- Inflation fell to 2.4% in January, a hollow of 111 months.
- Ahl considers a cup of 50 bps as “a logical step” for the next MPC meeting.
- Seventy percent of market players anticipate a drop in rates.
Karachi: The Pakistan State Bank (SBP) can adopt a cautious approach to other interest rate drops this month, despite the drop in inflation creating space for a reduction, The news reported by quoting analysts and surveys.
In January, the SBP lowered its reference interest rate of 100 basic points (BPS) to 12%, marking the sixth consecutive decline and bringing the total reduction to 1,000 pb since June 2024.
The Central Bank’s monetary policy committee (MPC) is expected to meet on March 10 to determine the next line of driving. The decision follows the arrival of a delegation from the International Monetary Fund (IMF) in Pakistan on March 3 for an examination of the rescue package of $ 7 billion.
This review will focus on new income objectives and tax measures, which could have an impact on inflation projections and influence the position of the SBP on monetary easing.
ARIF HABIB Limited (AHL), a brokerage company based in Karachi, noted that the significant drop in inflation was the main catalyst for rate cuts. In January, inflation fell to 2.4% – the lowest level in 111 months – while February should see it decrease to 2.2%.
“Given the sharp drop in inflation and stable reserves, a drop in rate of 50 bp seems to be a logical step in the next political meeting,” said the report.
However, with the basic inflation which remains high, the current account showing a deficit and the market yields increasing, the SBP is likely to adopt a more cautious approach in the future. The end of the rate cutting cycle can be closer than expected, he added.

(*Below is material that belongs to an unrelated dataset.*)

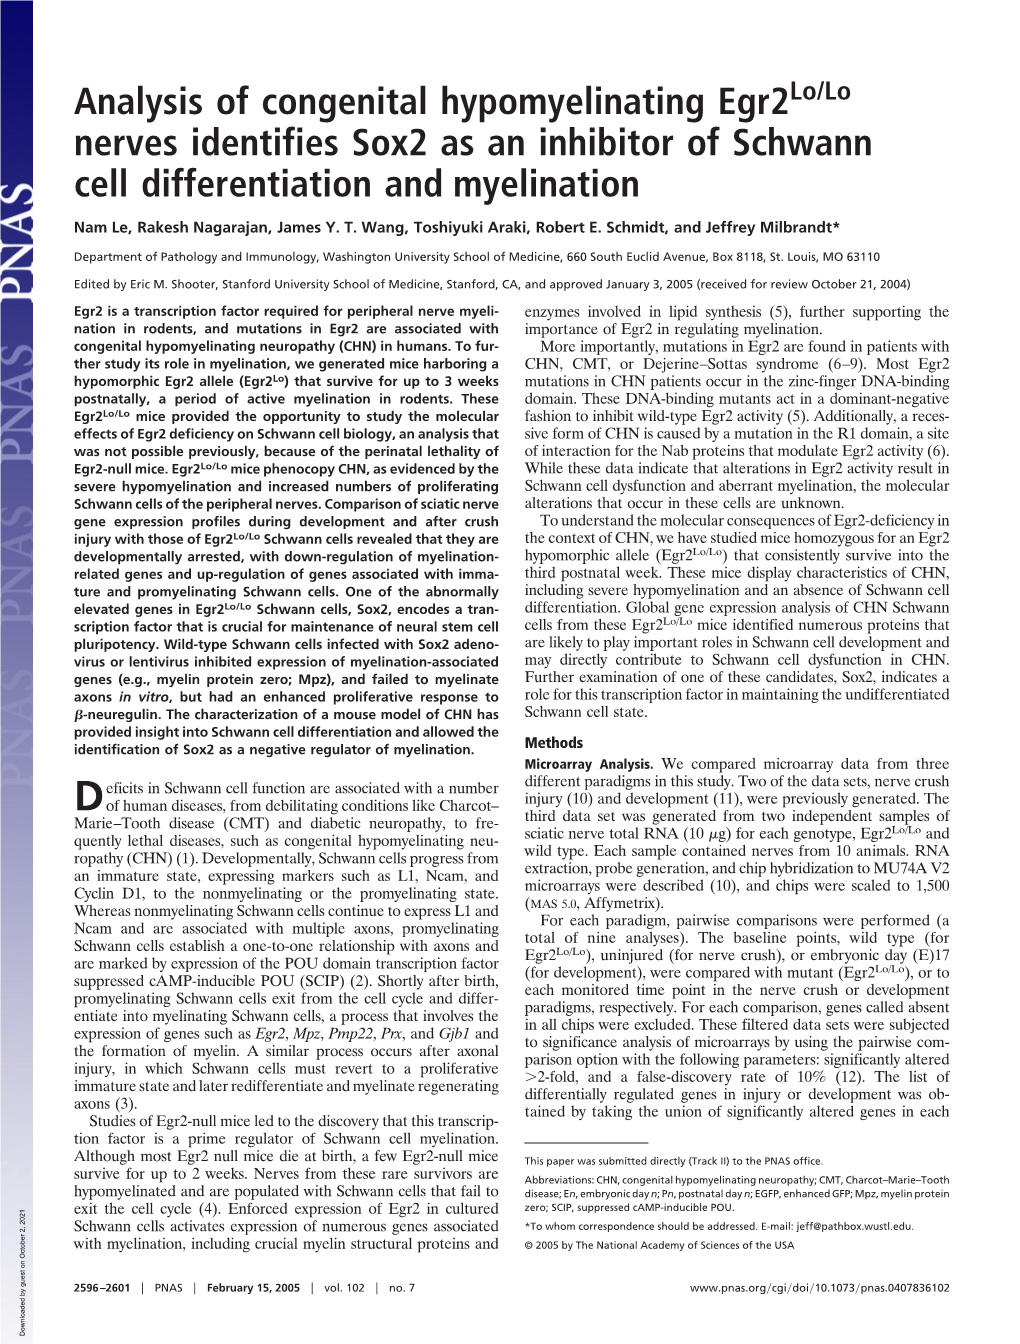 Nerves Identifies Sox2 As an Inhibitor of Schwann Cell Differentiation and Myelination

“The SBP faces a delicate balance on March 10, weighing the need for growth against the imperative to maintain macroeconomic stability.”
Another brokerage house, Topline Securities, said that the central bank still has room for a new drop in rate of approximately 100 basic points due to a real interest rate of 300 to 400 pb at the current rate of 12%. However, he plans that the SBP MPC will probably maintain the status quo at the next meeting for several reasons.
Higher import figures for the last two months (on average 5.2 billion dollars in December and January) and a depreciation of 1.6% of the roupie since November 2024 on the sidewalk market can encourage the SBP to suspend other interest rate reductions to carefully assess the impact of previous adjustments, he said.
In January, the actual effective effective exchange rate reached 104.05, which suggests that the local currency can be overvalued compared to other commercial and regional peers, he noted.
In a survey by topline titles, market players have expressed various opinions: 38% believe that rates will remain unchanged, while 62% anticipate a rate of at least 50 BPS. AHL’s survey indicated a clear majority promoting a drop in rate, 74% expecting the SBP to facilitate monetary policy.
Among them, 36.8% expect a reduction of 100 SBPS, 21.1% predict a substantial reduction of more than 150 SBPS, 10.5% provide for a drop of 50 SBPS and 5.3% anticipate a reduction of 75 SBPS. Meanwhile, 26.3% believe that the policy rate will remain the same at 12%.